Trump has been using the Greene case to rally his supporters. So, too, gubernatorial hopeful David Perdue has been tweeting out his support for the congresswoman. There is a real risk here that Greene, one of the weirdest and most demagogic of the U.S.’s copious crop of demagogic 21st-century personalities, will be made an icon of the right through this case.
Earlier this year, the boundaries of Greene’s district were redrawn to include historically Black parts of Cobb County that are more politically liberal than the rest of the district. That doesn’t mean the district is about to flip anytime soon. It was, and remains, an overwhelmingly Republican district — one that voted for Trump by a margin of over 50 points in 2020. But it does provide a window into how a long-term strategy against figures such as Greene might work: her opponents may be able to gradually chip away at her support base among conservatives, and, at the same time, start to build as broad and as big a reform coalition as possible in the parts of the districts where progressive change might take root.

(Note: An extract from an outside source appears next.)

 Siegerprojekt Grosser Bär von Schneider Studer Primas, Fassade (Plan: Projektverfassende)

That’s hardly a satisfying short-term solution to the dangers posed by political figures such as Greene. But it might, paradoxically, yield a better result for progressives than the alternative of barring her from seeking reelection. For if Judge Beaudrot prevents Greene from running in 2022, it’s entirely possible that a majority of voters in her district, which is one of the most radical-right-leaning in the country, could turn around and either write her in as a candidate, or elect someone else cut out of the same cloth.

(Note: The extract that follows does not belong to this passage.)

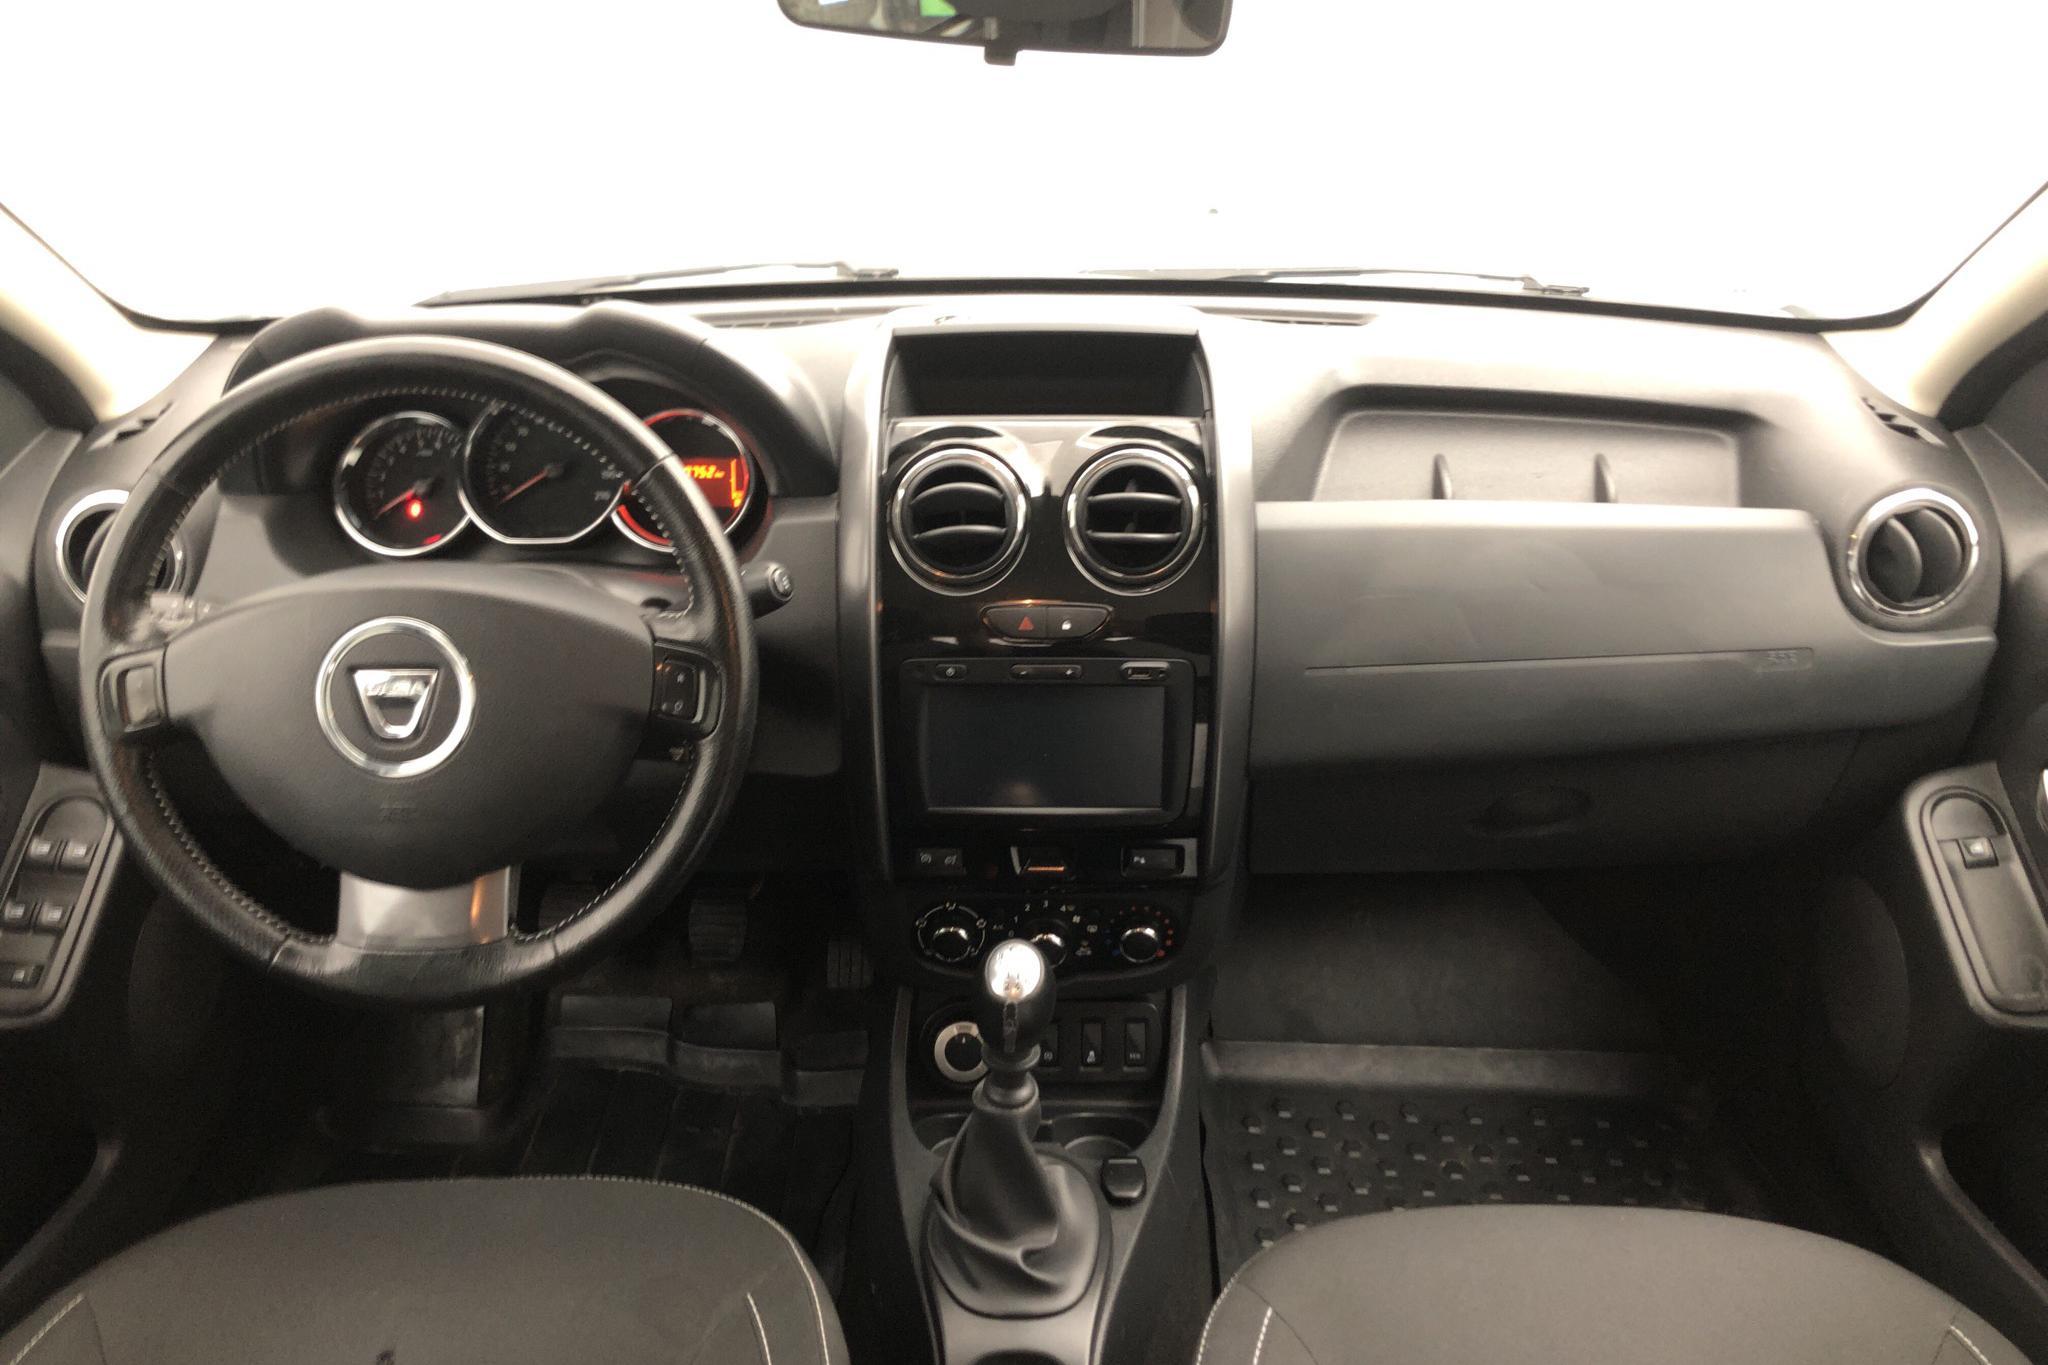 Dacia Duster 1.5 dCi 4x4 (109hk) - 110 750 km - Manual - white - 2017

That hundreds of thousands of Georgians supported Greene in 2020 is truly terrifying. That they still support her today, and will continue to support her no matter what the court decides, is also terrifying. That tens of millions support Trump and his vicious attacks on the democracy’s infrastructure is a nightmare. This nihilistic, irrational and violent movement truly must be deconstructed — but to really carry water, that takedown must come from a populace that is empowered and educated on the dangers of demagoguery, rather than from the courts. That’s a vastly difficult undertaking — and time is not on the side of the anti-demagogues these days — but it’s an essential one if the U.S. system of democracy is to survive the forces that have pushed to the fore, and continue to elevate, political figures such as Greene.